D'Hara Kiri au grand écran

Les Brèves de comptoir sont à l'origine des anecdotes recueillies aux comptoirs de cafés et bistrots français par Jean-Marie Gourio, ancien journaliste chez Hara Kiri qui les publiaient dans les colonnes du journal satirique. Elles ont ensuite été éditées sous forme de recueils à partir de 1988, puis adaptées par Jean-Michel Ribes à la télévision dans la série Palace (1988), au théâtre en 1994 et 1999 et portées aujourd'hui au cinéma par ce dernier.

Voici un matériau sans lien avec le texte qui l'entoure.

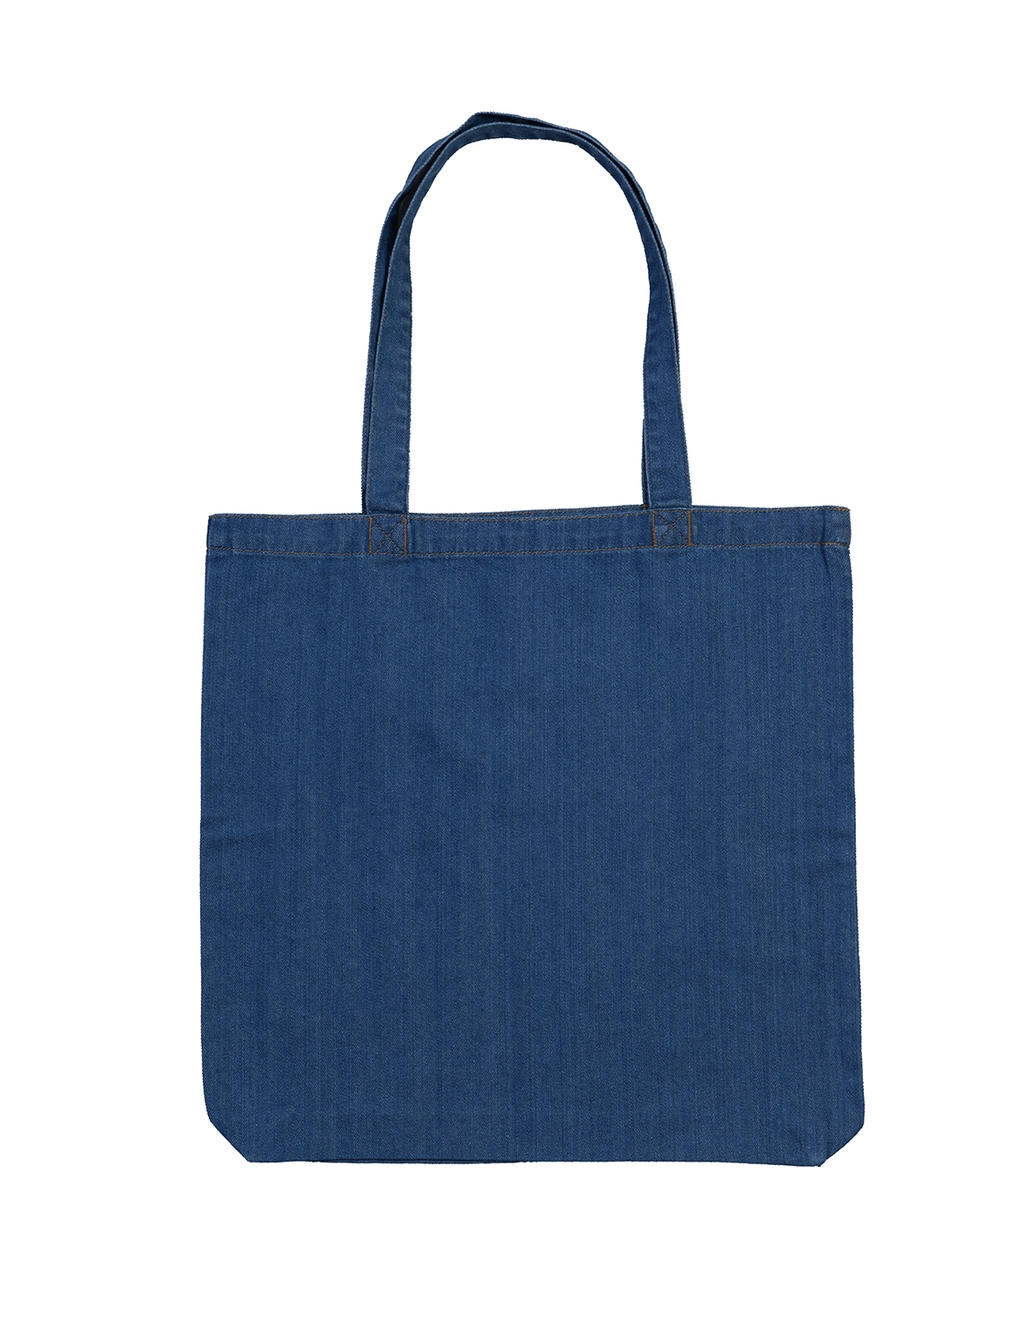 Denim Tote Bag zum Besticken und Bedrucken in der Farbe Denim Blue mit Ihren Logo, Schriftzug oder Motiv.

Rencontre avec Jean-Michel Ribes et Jean-Marie Gourio, les deux porteurs du projet, et deux des comédiennes, Valérie Mairesse et Chantal Neuwirth...

Le secret de Gourio

Où Jean-Marie Gourio recueille-t-il ses brèves? Sur quels critères les sélectionne-t-il? Qui en sont les véritables auteurs? Autant d'interrogations qui étaient jusqu'alors restées sans réponses. L'auteur et scénariste nous révèle son secret : « Chaque jour, et aujourd’hui encore, je m’installe au bout d’un zinc. (…) Debout. Les meilleures viennent de gens qui passent leur temps dehors, et viennent se réchauffer. Pour eux – postiers, agents des pompes funèbres, égoutiers, garagistes, ouvriers du bâtiment, éboueurs, chômeurs… – le bistrot est un havre où il fait bon discuter. (…) J’ai mes habitudes dans plusieurs bistrots, selon les horaires et les jours de la semaine. Je commande ma bière, j’attends, j’écoute. De ma place, je vois tout sans être repéré, j’entends plusieurs conversations en même temps. Il faut saisir les brèves et les noter immédiatement, sinon on en perd la formulation qui en fait le sel. Il faut que ça soit volé aussi, buissonnier pour que ça soit joli. (...) Sur tout ce que j’entends quotidiennement, j’en sélectionne environ 3000 par an qui sont des perles…»

Tournage parisien

Fidèle à l'ambiance des bistrots populaires où Jean-Michel Gourio glanait ses brèves, Jean-Michel Ribes a posé ses caméras en France, notamment à Paris et en région parisienne. Le tournage s'est déroulé du 13 septembre au 31 octobre 2013.